Уход флота противника дал возможность генералу Гудовичу овладеть ещё одной приморской крепостью — Суджук-кале.

Отсутствием турецкого флота у дунайских берегов воспользовался и командующий Дунайской армией кн. Репнин. 27 марта были взяты город и крепость Мачин. Через несколько дней пал город Браилов. Здесь турки потеряли около четырёх тысяч человек. Разрушив крепость и другие укрепления, русские войска вернулись в Галац, и в течение двух месяцев не предпринимали решительных действий.

Визирь воспользовался передышкой и стянул в район Мачина, Браилова и Бабадага крупные силы. Под Мачином стал сам верховный визирь Юсуф-паша с восьмидесятитысячным войском. Сюда подтянулись уцелевшие суда турецкий Дунайской гребной флотилии.

Потёмкин приказал Репнину уничтожить армию визиря при Мачине. 27 июня Репнин предпринял наступление четырьмя колоннами и на следующий день в кровопролитном шестичасовом сражении разбил армию визиря. Турки потеряли около пяти тысяч убитыми и в беспорядке бежали к Гирсову.

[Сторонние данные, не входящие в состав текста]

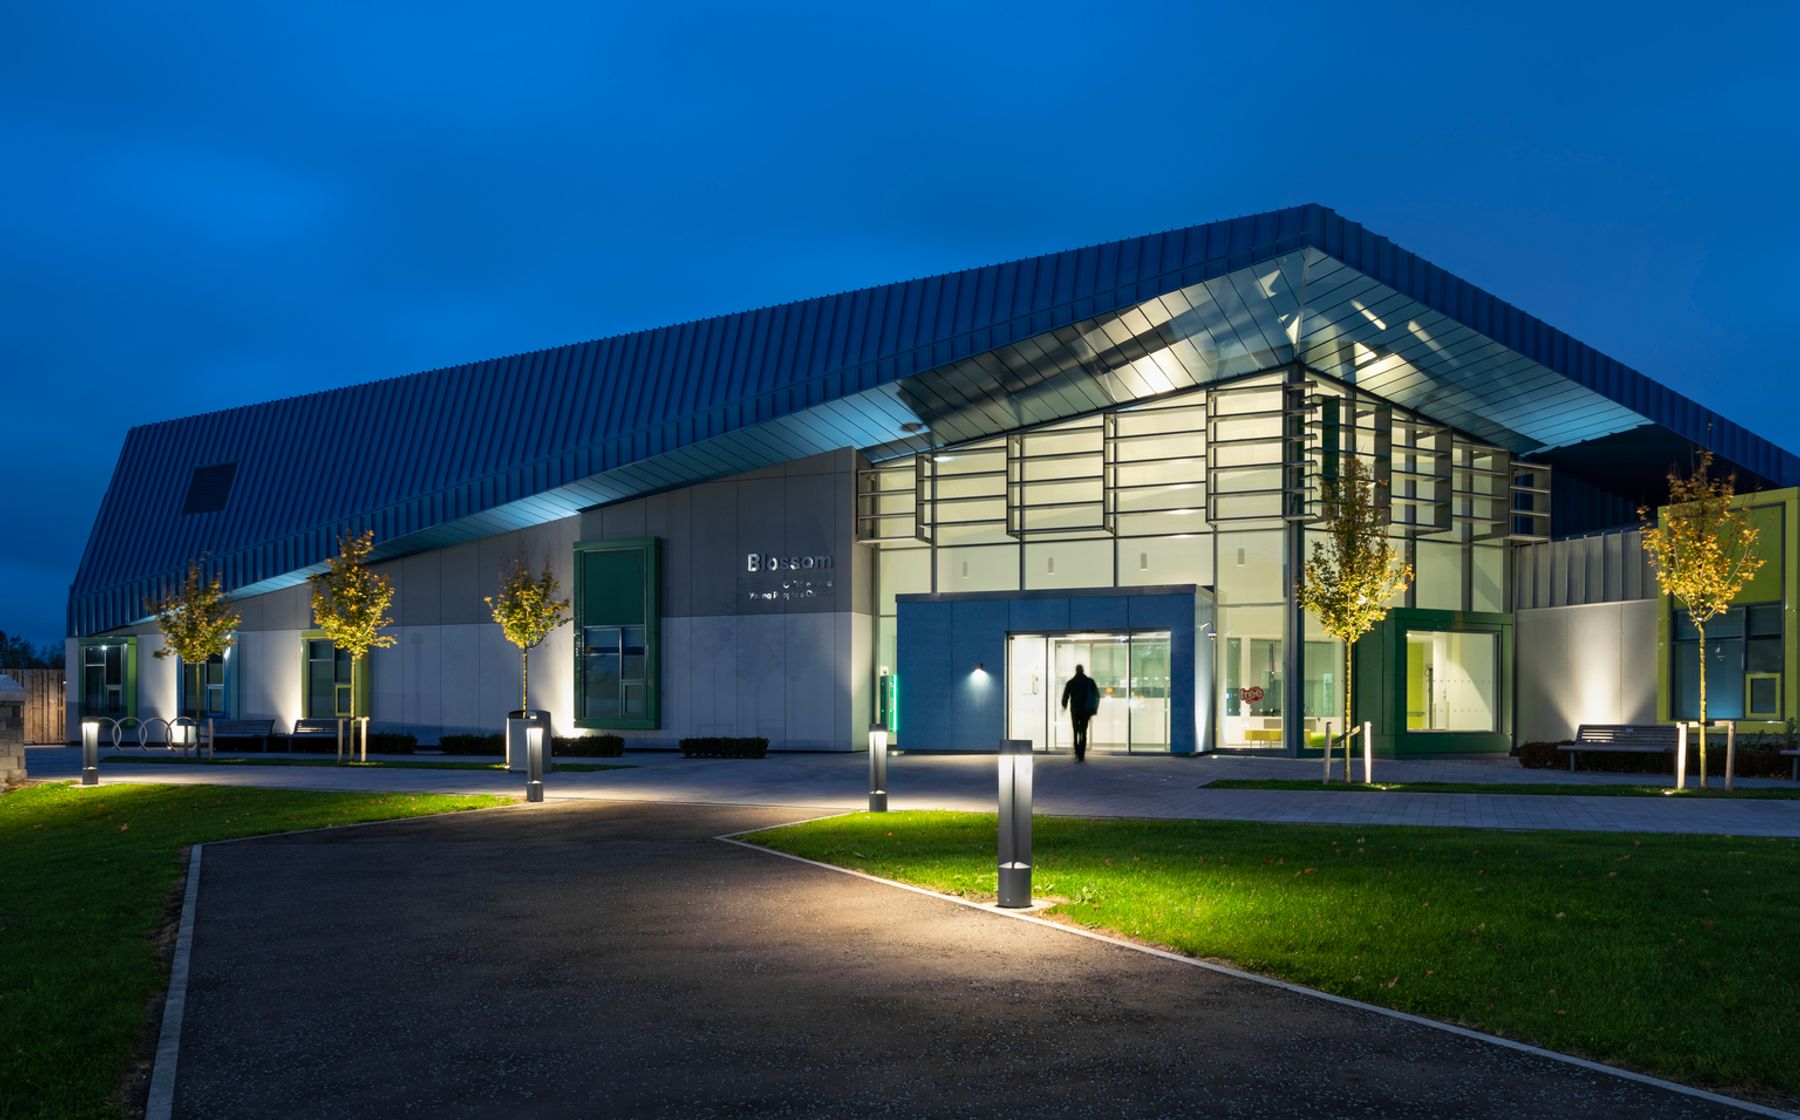 Craigavon Paediatric Centre, Belfast. Architettura: Todd Architects, Belfast. Progettazione illuminotecnica: Arup Lighting, Londra. Fotografia: Gavriil Papadiotis, Londra.

Русским досталось тридцать пять медных пушек и пятнадцать знамён.

Потеря Анапы и Суджук-кале и тяжёлое поражение под Мачином заставили султана и его диван подумать о мире. Верховный визирь запросил перемирия и вступил в переговоры с Репниным о мире. Но турки не спешили с подписанием предварительных условий мира. Их флот был ещё невредим и, хотя очень осторожно, искал случая или высадить десант в Крыму, или разбить русский флот. При таких условиях было бы легче добиваться почётного мира.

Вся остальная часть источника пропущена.